I use this kind of source regularly.

Either a K5600, usually the 400 Joker Bug, in a Springball or a smaller tungsten lamp in a Springball.

All of "About a Girl" was lit with the Joker bug in a Springball powered by a Lightning Strikes battery on a trolley, this lasted most of a Northern UK winters day.

I used a Springball on a boom a lot on "Mutant Chronicles" either a large studio boom or a hand-held Fish pole type boom.

This kind of arrangement is great if you want to keep a punchy background but get a soft key in close to the main artists.

Cheers

Geoff Boyle FBKS
Director of Photography
EU Based
www.cinematography.net


What's a springball?

Marty Mullin
DP
www.martymullin.com
Los Angeles
818 712-0272
305 606-1262


I'm sure that a "spring ball" in the UK is a "China Ball" or "paper lantern" in the US. Chimera makes one which fits quite nicely on a 400 joker.

My personal favourite "light on a stick" is a 4' Kino tube (only the tube) bailing wired to the end of a painters pole (or a very nice soundman’s carbon fibre boom pole). One can 2" blk paper tape the top and sides, making it into a very controllable soft travelling bit of fill/eyelight/edgelight.

You can power it off a 12V battery in a back pack (12V Kino ballast) or I found it easy to run a stinger to an assistant w/ the ballast hooked to a few Kino head cables.

Great fun to "joust" with the soundman’s boom guy and pop the light in where needed.

Josh Spring (ball?)
Gaffer etc...
Bethesda MD


I'm pretty sure a lot of lost in translation was lit with something similar. Pretty fun/easy soft setup I'd think.

I love china balls either way.

Eoin McGuigan
AC
Minneapolis/St.
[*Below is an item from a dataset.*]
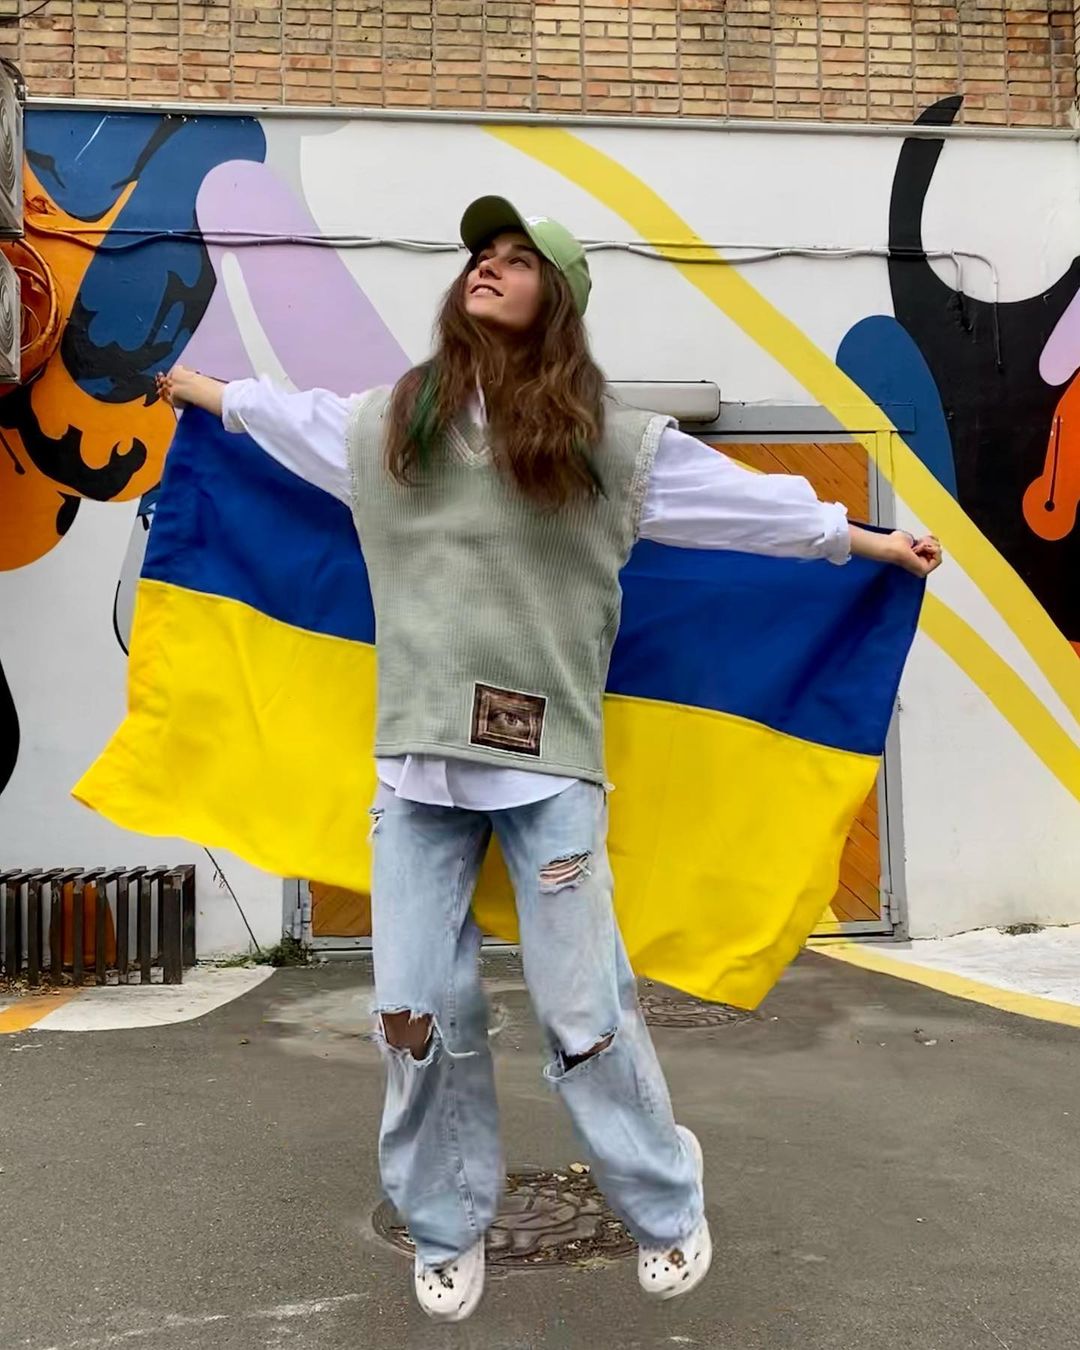 «Если ты говоришь об Украине – ты видишь сочувствие, но это уже давно не резкая реакция», – говорит певица о настроениях в Европе. Фото: Instagram.com/thejerryheil/

Paul


> What's a Springball?

As someone has already pointed out it's essentially a China Ball but is fabric and comes in versions that already have tungsten lights in which=h are removable and can be replaced with a Joker Bug.

It's very fast, robust and versatile.

Cheers

Geoff Boyle FBKS
Director of Photography
EU Based
www.cinematography.net


Where can you get one of these Springballs?

Marty Mullin
DP
www.martymullin.com
Los Angeles
818 712-0272
305 606-1262


>>Where can you get one of these Springballs?

Try jemlighting.com -- no information on pricing in sales, I wouldn't think they'd be that expensive, but there's email contact for them as well.

-Eoin McGuigan-
AC
Minneapolis/St.Paul


Try www.lanternlock.com

I have a selection of sizes from them and they stand up to the rigors of many features.